In the continual lobby to limit awards in personal injury cases, one of the most commonly–and dramatically–reported topics is huge punitive damage awards associated with comparatively minor injuries.
The point they’re missing, or at least hoping that you’ll miss, is that the disconnect between the appropriate level of damages and the plaintiff’s actual losses is the whole point. Punitive damages aren’t intended to compensate the victim–that’s what “compensatory” or “actual” damages are for. In fact, in some states a large portion of punitive damages is paid to the state, not to the plaintiff.
Punitive damages are intended to do just exactly what the name implies–punish the defendant so as to make it unprofitable to engage in the kind of dangerous behavior that caused the problem.
Corporations make decisions based in part on a risk analysis–in essence, a determination as to whether it will cost them more to take precautions, or to pay for the harm once the damage is done. Punitive damages discourage that kind of analysis and aim to prevent decisions that put people at risk in the interest of profits.
The recent Vioxx personal injury lawsuit in Texas provides an excellent illustration. The company delayed a change in the drug’s warning labels after it knew the drug could trigger heart attacks and strokes because its executives estimated that the delay would save the company $229 million.
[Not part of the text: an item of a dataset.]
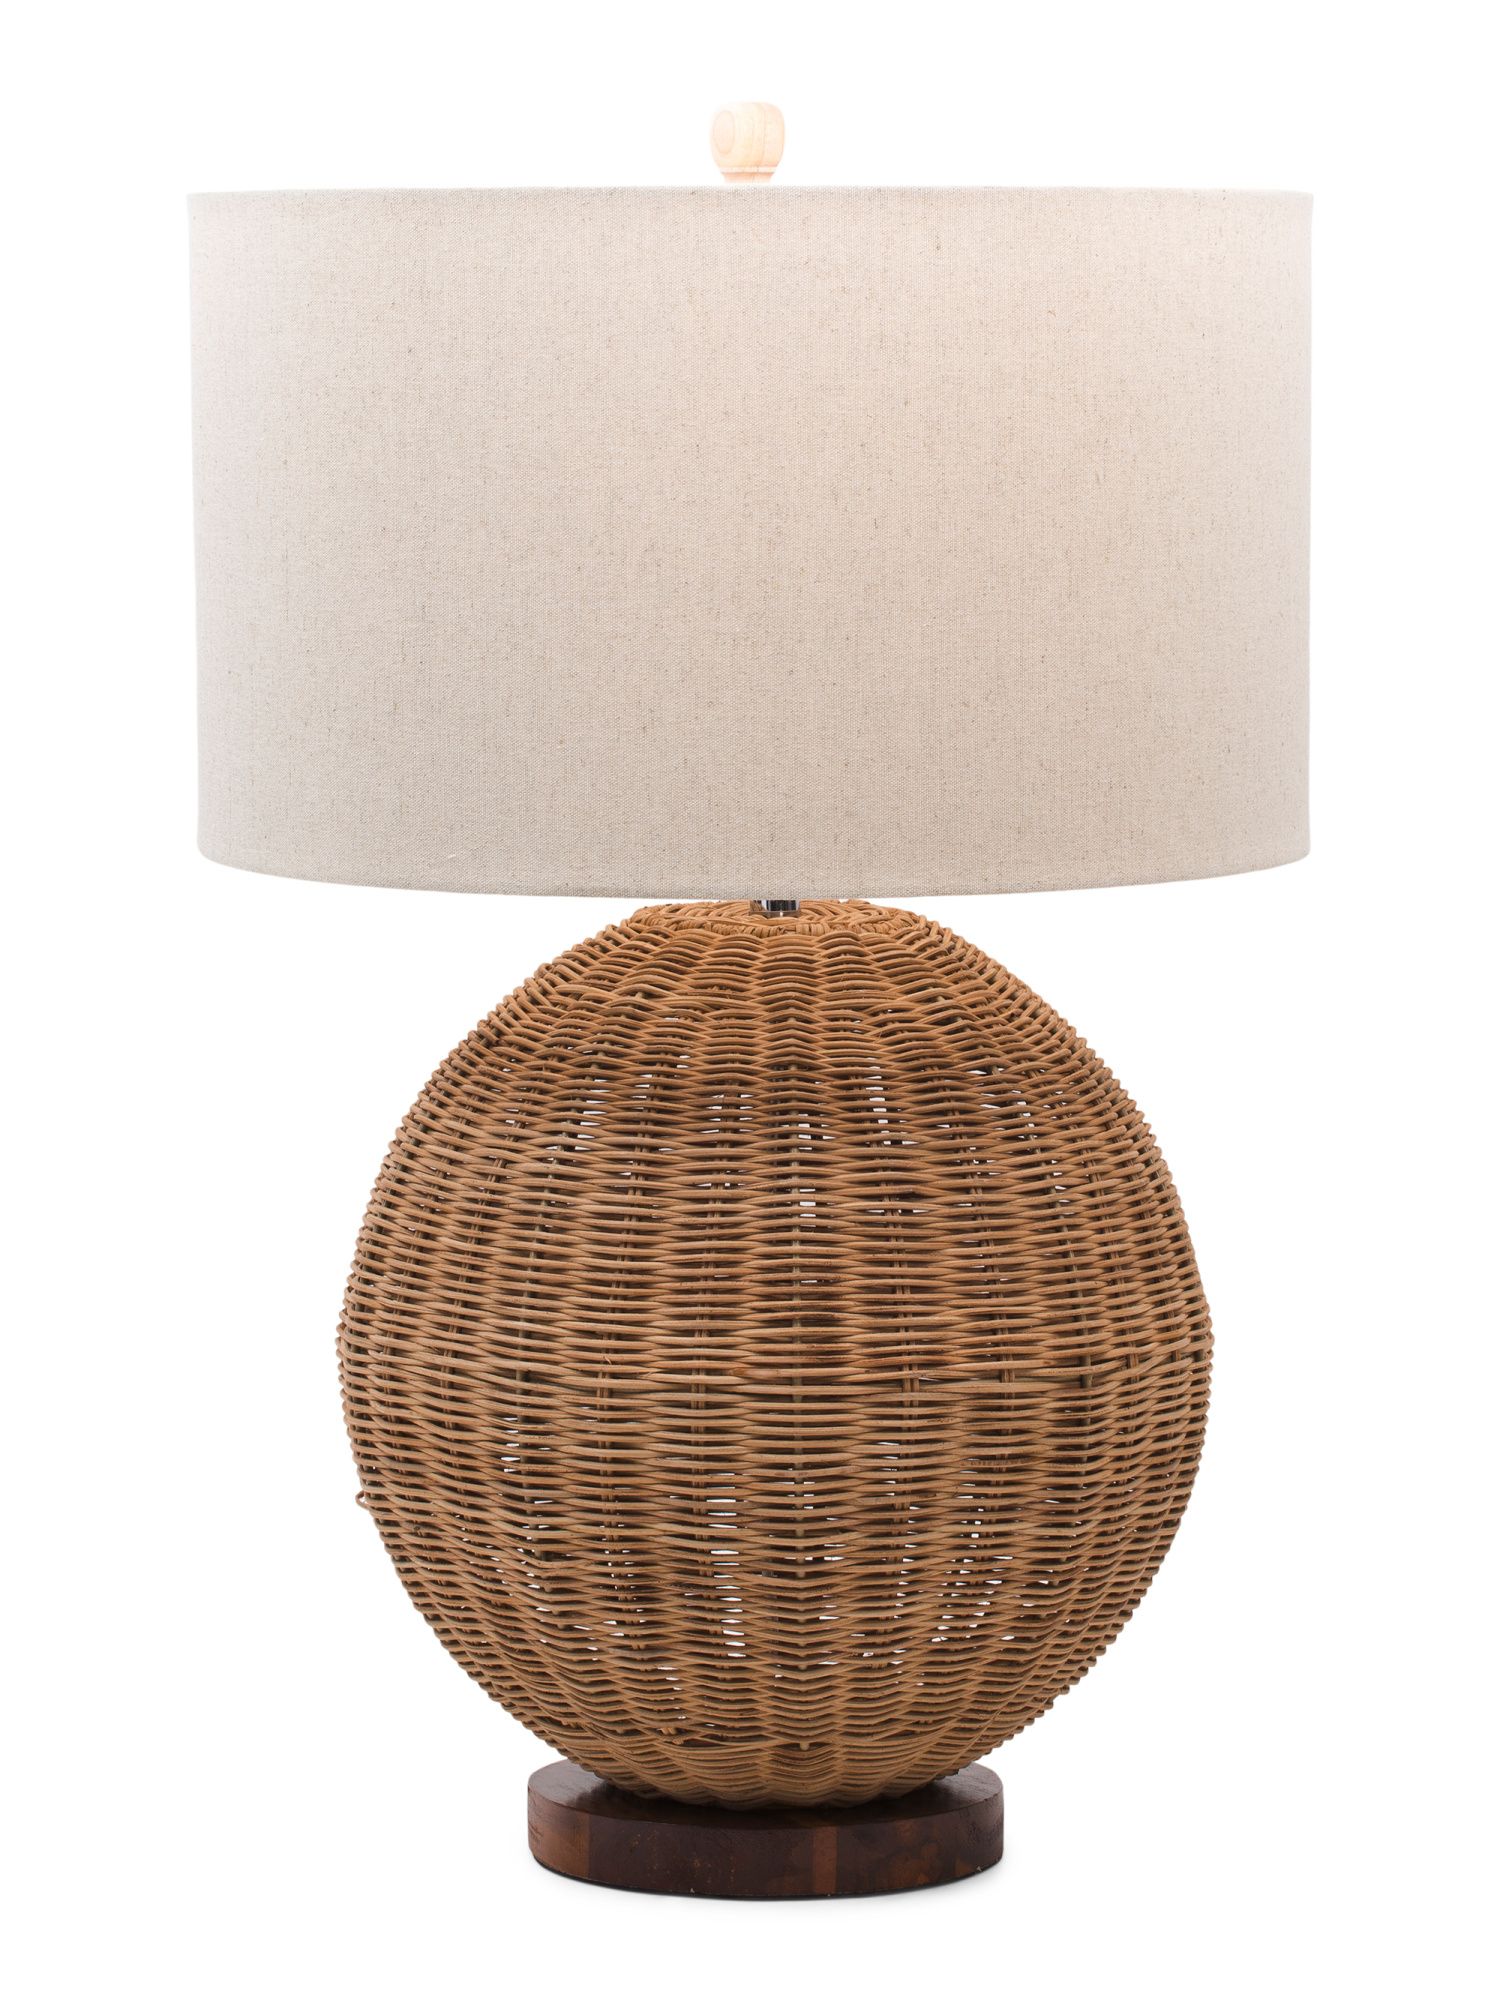 Rattan And Metal Lamp With Harp Shade | TJ Maxx

The Texas jury wanted to make sure the company didn’t profit from that decision, and so returned a verdict that included $229 million in punitive damages. Unfortunately, Texas law caps punitive damages, and the award will be reduced to less than $2 million, leaving the company to reap hundreds of millions of dollars in profit from its decision to go ahead and let some people die in the interests of higher profit margins.
That’s the kind of thinking that punitive damages are intended to discourage–and the kind that will become more and more routine as states cap punitive damage awards and remove the risk to corporations that knowingly put human safety at risk.